Some challenges of getting kids to follow school rules apply at any
age. For one thing, kids will break all sorts of rules when they aren’t
being watched by an adult. “That’s kind of the nature of kids,”
O’Connor said. “But I think a lot of schools have plans in place where
they’re going to be monitored really closely.” (Which introduces a
separate issue: Teachers will have to play the role of public-health
enforcer, which could distract from their teaching responsibilities.)

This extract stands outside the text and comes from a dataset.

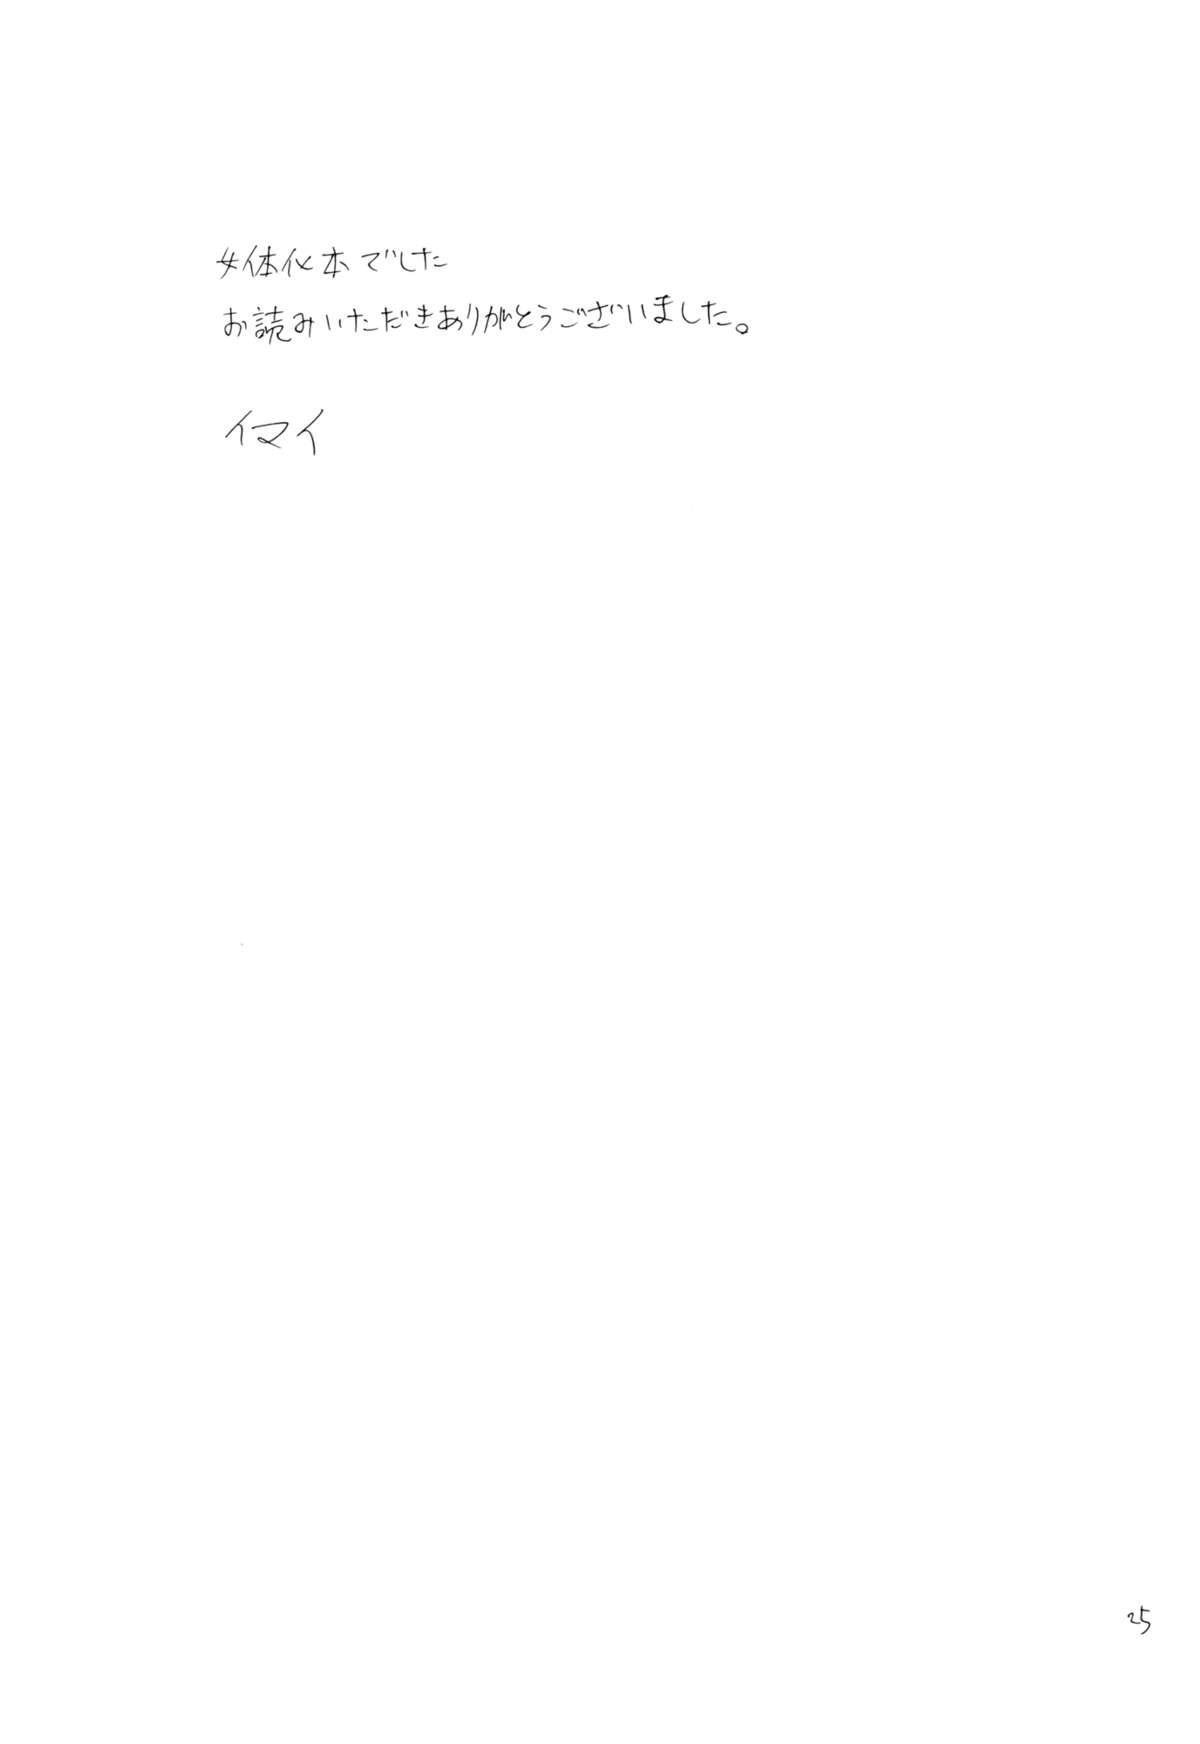 Three-Man Cell ga Iroiro Okashii 22

Kids will also come back to campuses having had very different pandemic
habits modeled for them at home—the children of people who don’t take
pandemic protocols seriously probably won’t take them seriously either.
In particular, O’Connor is concerned that children who don’t abide by
those protocols will make fun of those who do. In addition to hurting
feelings, that could possibly create pressure for kids to be less
cautious.
Many of the country’s students will diligently adhere to schools’ new
requirements, while many won’t. But before people blame any students or
schools, consider that America’s adults, despite being able to
understand the pandemic better than children, haven’t been great at
following public-health guidance either.